2. Arterial Injury at the Vascular Access Site
Occasionally, the external iliac or femoral arteries are injured during insertion, and rarely during removal of the delivery sheath. This may cause significant bleeding into the retroperitoneal space, which is not visible in the surgical field. To confirm such injury, emergency arteriogram is necessary. Therefore, attention should be paid to changes in blood pressure before and immediately after the insertion or removal of the delivery sheath. If a significant decrease of BP is observed, the surgical team must be informed and blood samples sent to check hemoglobin and coagulation status. Previous reports suggest that this is a rare, but significant complication that impacts eventual outcomes .

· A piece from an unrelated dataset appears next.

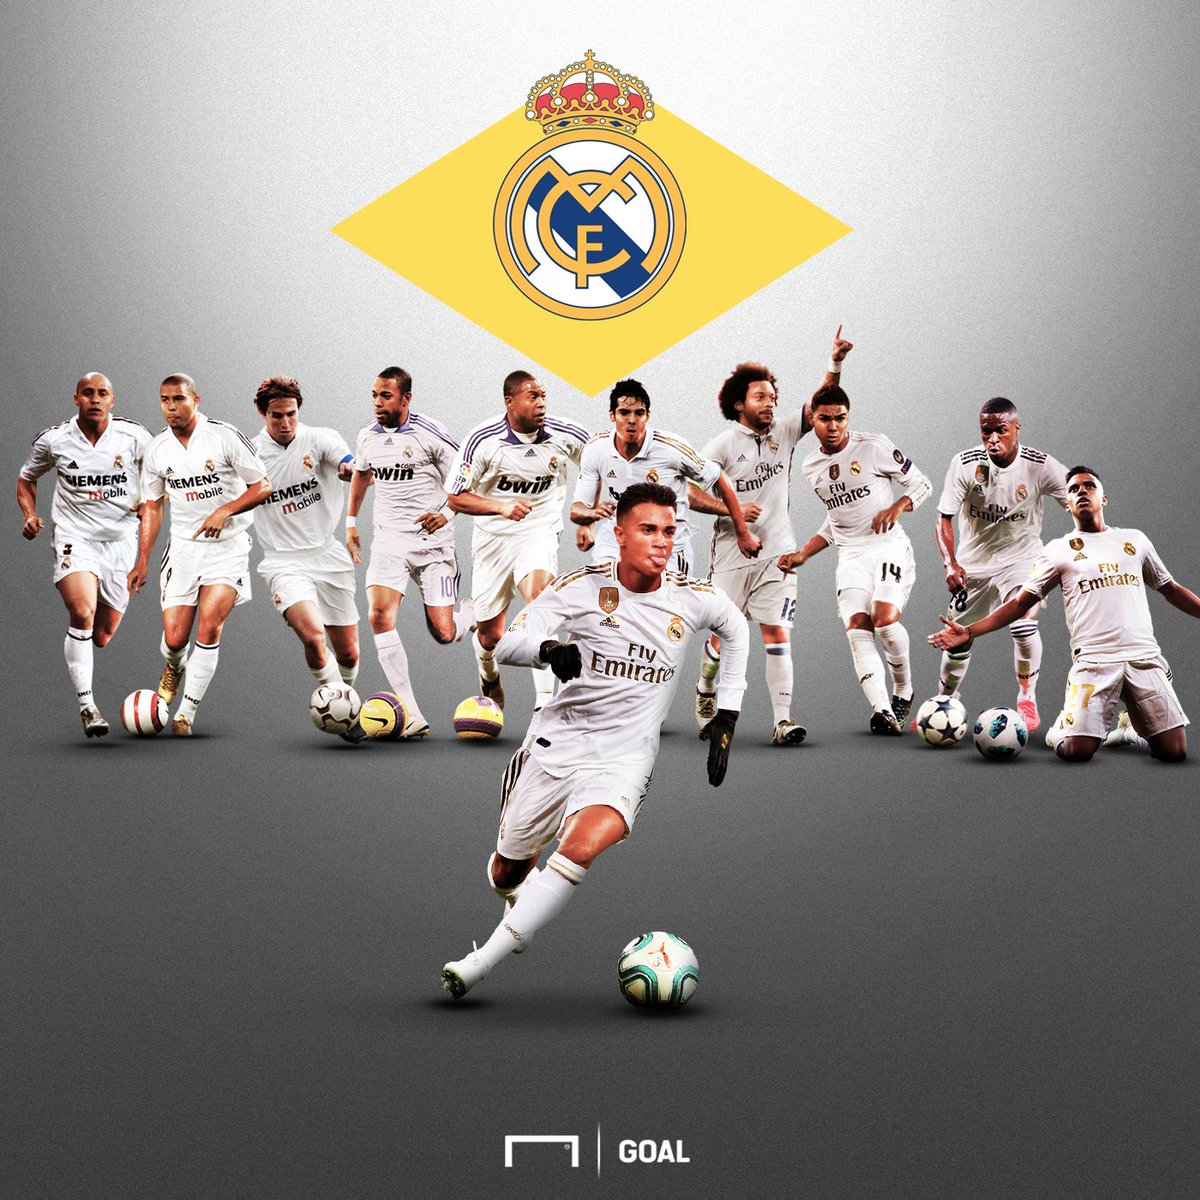 Сайты фк реал. Футбольная команда Реал Мадрид. Футболисты команды Реал Мадрид. Игроки Галактикос Реал Мадрид. Сборная Реал Мадрид 2010.

3. Early Lower Extremity Ischemia and Arterial Occlusion
Early lower extremity vascular occlusion is another potential complication following EVAR. It is often not recognized until the surgeons check the pulse in the lower extremities. Therefore, the patient should be kept sedated until the distal peripheral pulses are confirmed. If pulses are weak or absent, the surgeons may need to explore the femoral insertion site under general anesthesia.
In summary, rAAA carries significant morbidity and mortality in patients typically with multiple comorbidities. Advances in endovascular therapy allows for repair of the aneurysm in a minimally-invasive fashion. Anesthesiologists should be familiar with the hemodynamic management and blood product resuscitation strategy in these patients. In addition, decision should be made for MAC vs GA with the ability to convert in an expeditious but safe manner. The anesthesiologist should also be aware of the potential complications related to EVAR and be able to assist the surgeon with the management if they arise.